Vin looked a little like a startled deer, ready to bolt. I keep forgettin' he ain't such a lot older'n what JD is, Buck told himself. And he ain't comfortable around people, which means he likely ain't had a lotta experience talkin' about what chews on him. He met JD's eyes a moment. You're doin' fine, boy, just don't give up now. Make him say it, make him face up to the thing he's scaredest of, like I used to do you when you had a nightmare, 'cause I got a notion that to Vin that's just what this is, what's goin' on in his life just now.

And it worked. "Ain't the same!" Vin cried, his voice ragged and tearing in his throat. "I don't wanta be his excuse! If he hurts so bad he wants to die, I understand that, but I won't have him layin' guilt on me for bein' the one that lives so he can go out in a blaze of glory like some damn hero!"
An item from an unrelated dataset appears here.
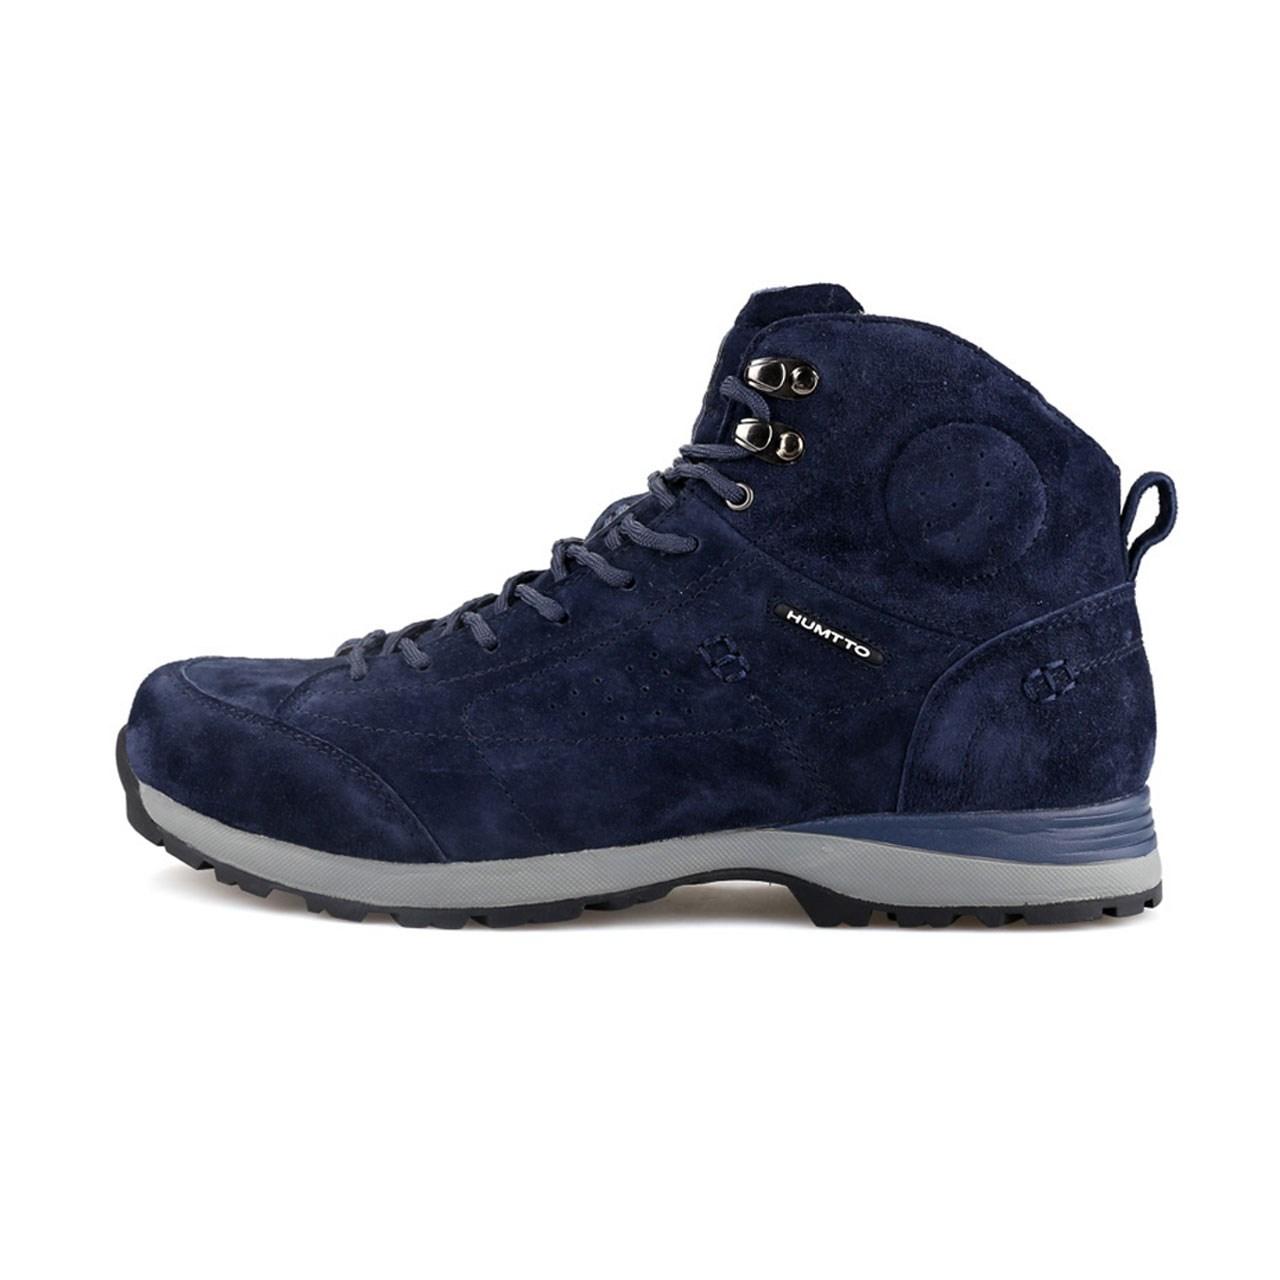 قیمت کفش کوهنوردی مردانه هامتو مدل 1-753615

"Now hold on, son," Buck said quietly. He didn't want to interrupt JD when the kid was on a roll--at seventeen JD deserved at least the courtesy of not having people butt in on him--but this was a subject he knew more about than his brother did. "Maybe to you that's what it looked like, but I can tell you, the last thing Chris has ever wanted as long as I've known him is to be a hero. He don't think of himself that way. I watched him in the War and I know. What matters to him ain't what others think of him; it's that he can live with himself on account he's done what he feels is right." As he spoke he made a mental note to find a chance to talk at greater length with the tracker, or get JD or Josiah to do it. "If he hurts so bad he wants to die, I understand that..." Did that mean Vin too had courted death in his time? How could someone as young as Vin know that kind of despair?

"Ain't nobody else got no right to live with theirselves, then?" Vin demanded. "How's he 'spect me to do it, knowin' what he give up for me? I ain't worth it!"

"You are to him," Buck insisted gently. "Just like I hope me'n'JD still are. Just like savin' Nathan was. Just like protectin' that village was, or bringin' order to this town. If it was just plain death he was lookin' for, Vin, he's had three years to choose it. And he ain't, 'cause he don't feel it's right. Man like Chris has gotta make his livin' and dyin' count for somethin', but heroin'? Naw. That ain't it."

"Mr. Wilmington expresses his sentiments crudely," Ezra put in, "but they are no less accurate for all that. The mere fact that you hold your own existence of little worth, Mr. Tanner, does not mean that others cannot place a higher value upon it. Mr. Larabee has lived longer than yourself and known many more men. It may be that he discerns in you some potential which remains hidden from your own perception, and holds it important that you should survive long enough to realize that potential."